According to clinical manifestations and laboratory tests, the diagnosis of hepatorenal syndrome is generally not difficult, but it needs to be differentiated from the following diseases:
1. Pre-renal azotemia often has incentives, such as heart failure and decreased plasma volume caused by various reasons. Due to insufficient renal blood volume perfusion, it may be characterized by oliguria, concentrated urine, and high specific gravity, but urea nitrogen. The increase is generally lighter, and the cardiotonic or expansion therapy has obvious curative effect. The liver and kidney syndrome has many clinical manifestations and characteristics of liver disease, and the effect on the expansion therapy is not significant.
2. Acute tubular necrosis The normal renal tubular function is: reabsorption of water and sodium, so low urine sodium content and urine concentration; urine lysozyme reabsorption, normal urinary lysozyme in the proximal tubules almost all Reabsorbed, so the urine lysozyme test is negative, acute tubular necrosis, urine specific gravity is low, fixed at 1.010 ~ 1.015, high sodium concentration, generally 40 ~ 60mmol / L, urine lysozyme test positive, urine routine examination Obvious protein and cast, etc., hepatorenal syndrome, oliguria with a high proportion of urine, and low urine sodium, which helps the identification of the two.
3. Liver disease with chronic nephritis chronic nephritis has edema, high blood pressure and other medical history, long course of azotemia, urine routine protein, castor and red blood cells, high specific gravity and fixed, urinary sodium increased significantly, these characteristics and liver and kidney There are significant differences in the syndrome.
4. Liver and kidney diseases at the same time Some diseases can cause damage to both organs of the liver and kidney. Some scholars call it pseudo-hepatic-renal syndrome, which is different from true liver and kidney syndrome. These diseases include:
(1) Systemic diseases:
1 connective tissue disease: systemic lupus erythematosus, nodular arteritis.
2 metabolic diseases: amyloidosis.
3 infectious diseases: acute or chronic viral hepatitis, sepsis sepsis, leptospirosis, yellow fever.

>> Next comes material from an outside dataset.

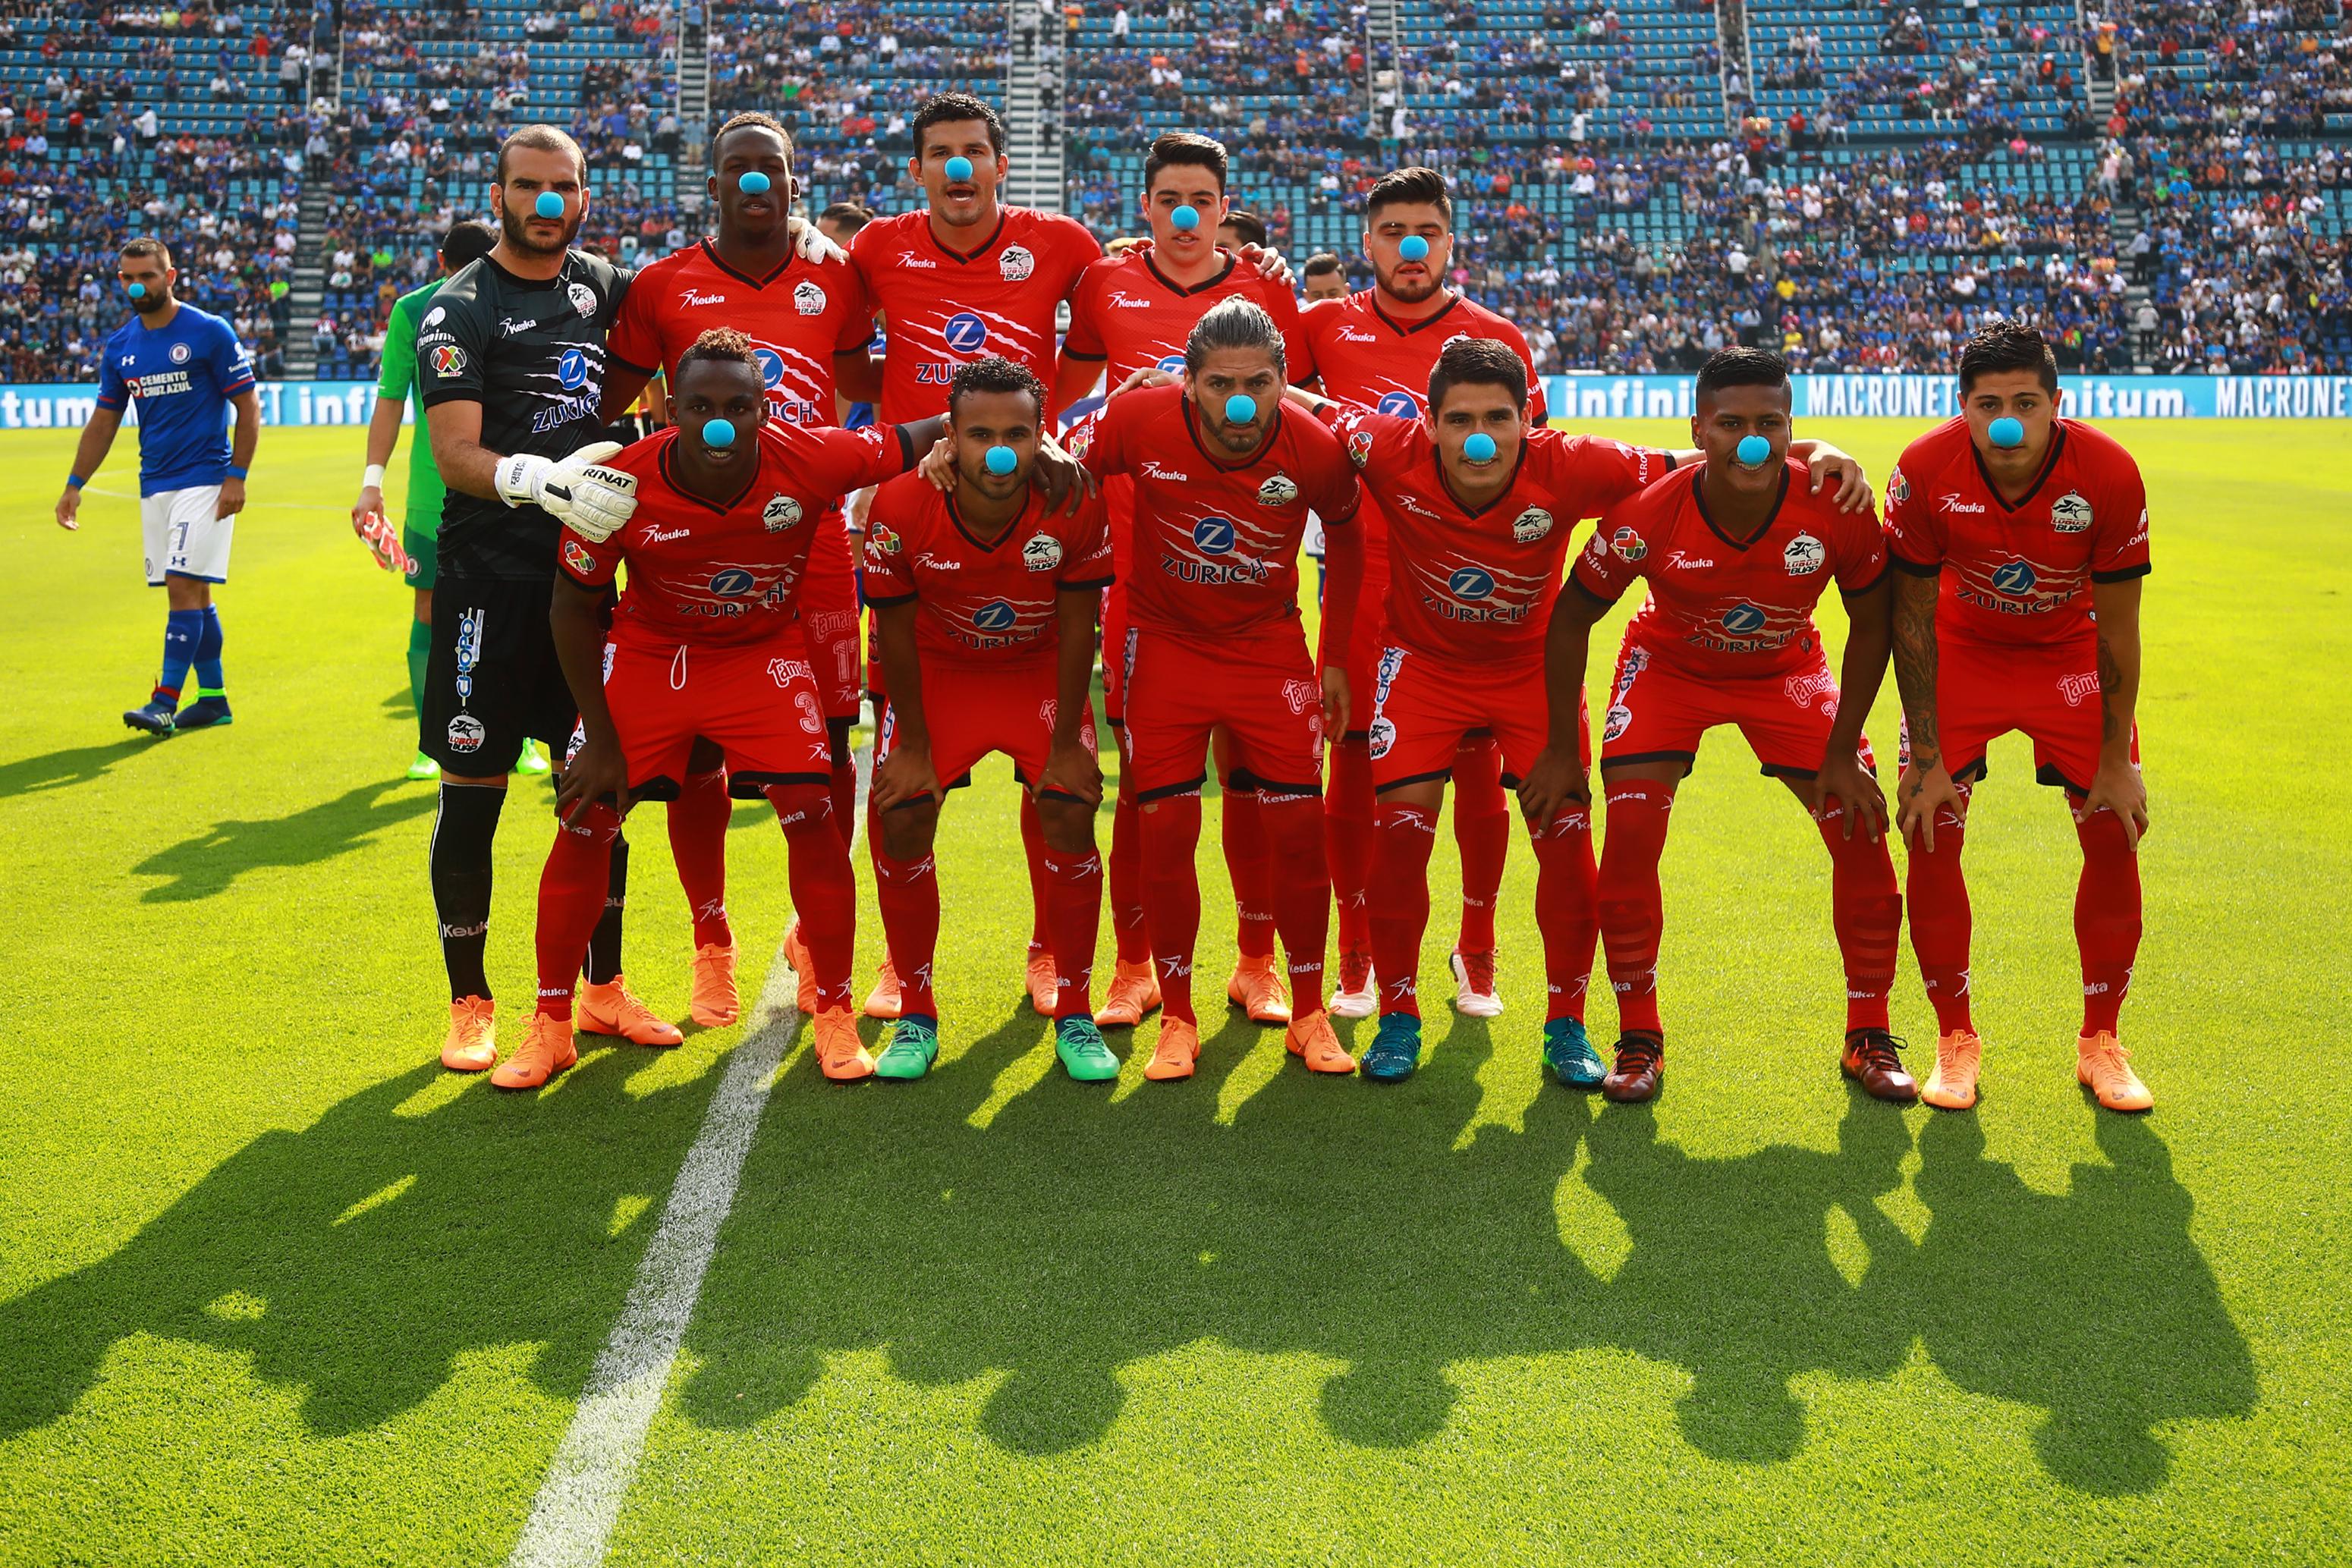 Lobos BUAP, 120 millones, Liga MX, Primera División, Ascenso MX, Pago, Salvarse, Descenso, Certificación, Veracruz, Mantenerse

4 other: shock, pregnancy toxemia, obstructive jaundice, sarcoidosis.
(2) Toxic hepatitis caused by poisoning such as carbon tetrachloride, chlorpyrifos, methoxyflurane, tetracycline, streptomycin, sulfonamides, copper sulfate, chromium, etc.
(3) hereditary diseases such as polycystic disease, congenital liver fibrosis, sickle cell disease.
(4) tumor metastatic liver, kidney and adrenal tumors.
These diseases have their own characteristics, as long as a little analysis in the clinic, it is not difficult to distinguish from liver and kidney syndrome.